Suds and Smiles
Samantha Fortenberry photographs strangers naked in bathtubs. It’s straightforward work—people sitting in water, surrounded by whatever she decided would be perfect for that moment. Cookies one time, books another, confetti another. The series is called Suds and Smiles.
I’ve always thought there’s something about bathrooms that lets people drop the performance. You’re already exposed, already trapped in one place, already committed to doing nothing. The bathtub is where it becomes honest.

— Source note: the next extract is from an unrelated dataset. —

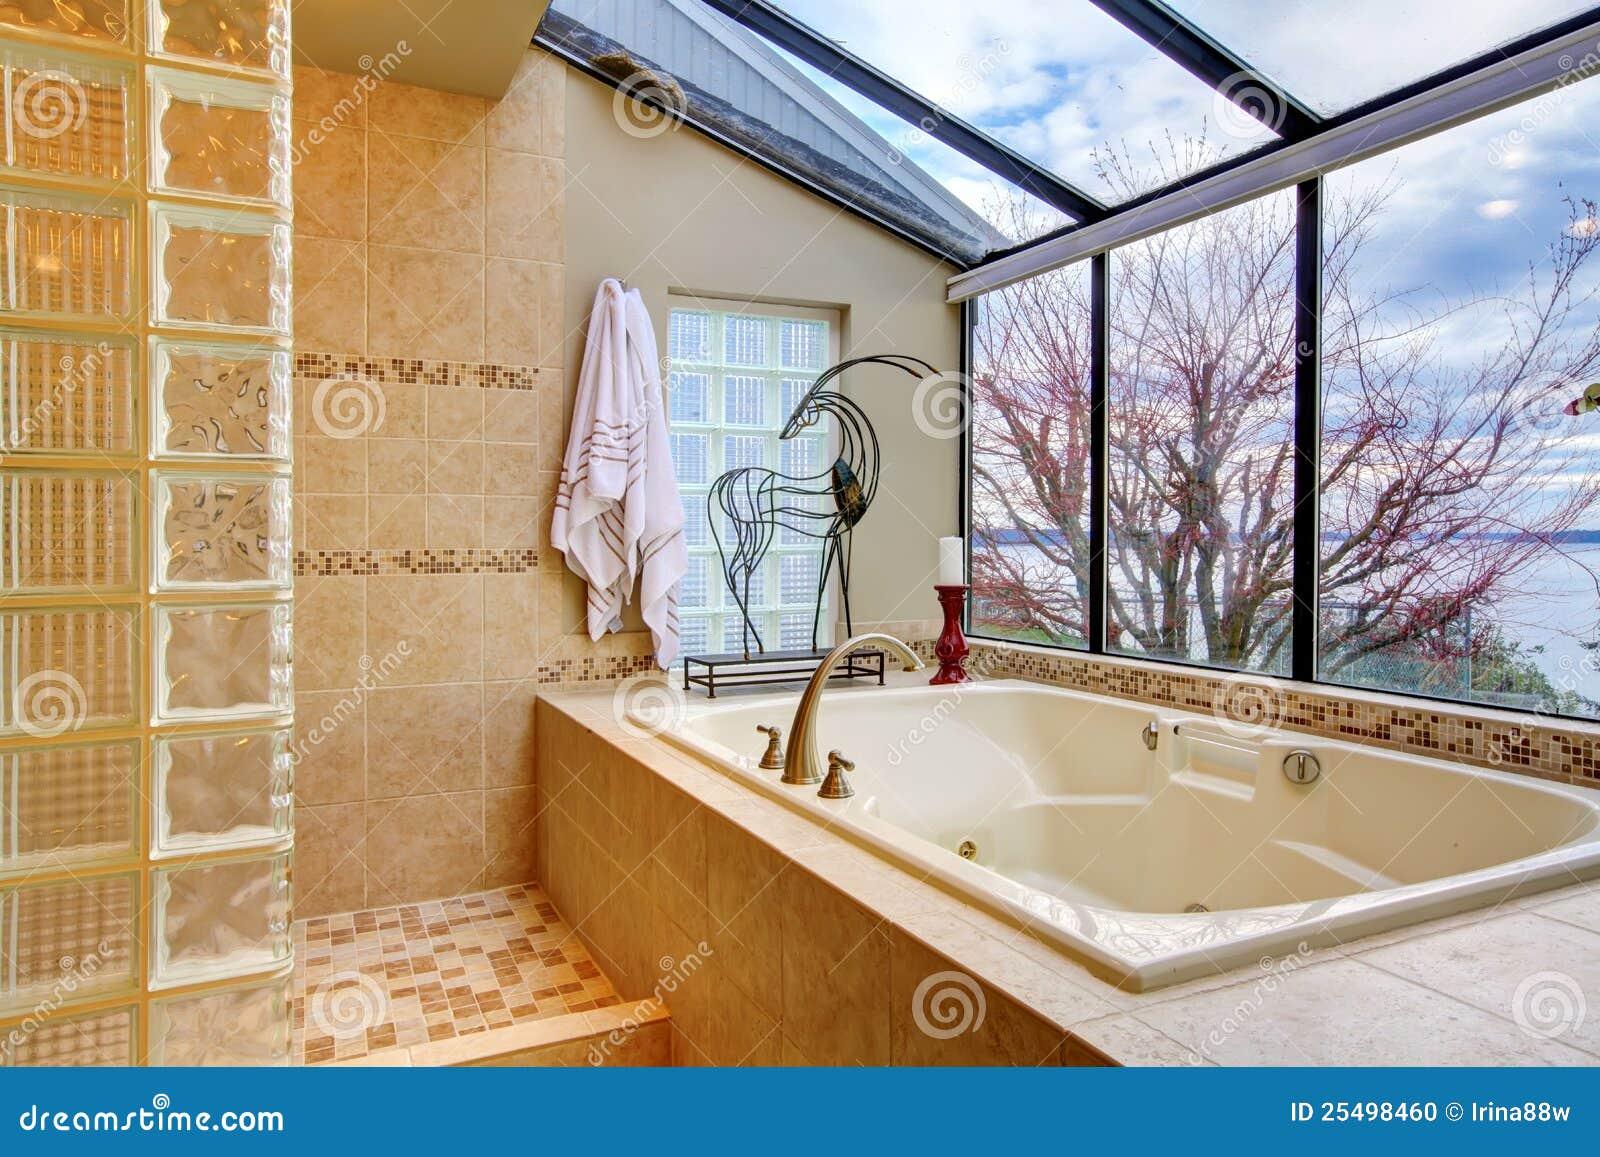 Tinas De Baño Grandes:Foto de archivo: Tina de baño grande con la pared de la ventana con

What Fortenberry’s photographs document is exactly that moment—the person who agrees to sit in a tub naked while a stranger photographs them. You’d think that would produce something sensual or vulnerable in the classical way, but it mostly doesn’t. Her subjects aren’t performing vulnerability. They’re just sitting there in water. The foam is on the surface. That’s the whole thing.
I think what I like about these images is how unselfconscious they are. There’s no trying, no one claiming the bathtub is a metaphor for rebirth or childhood innocence or any of that. It’s just the place where a person will sit still long enough for someone to document them doing absolutely nothing. And that honesty—the willingness to be that ordinary, that exposed—is actually more radical than the nudity.
The bathtub does this to you anyway. You fill it with hot water and climb in and nothing else matters. Fortenberry just photographs what was always true. Someone in water is someone at peace, or at least someone who stopped fighting. The rest is just foam.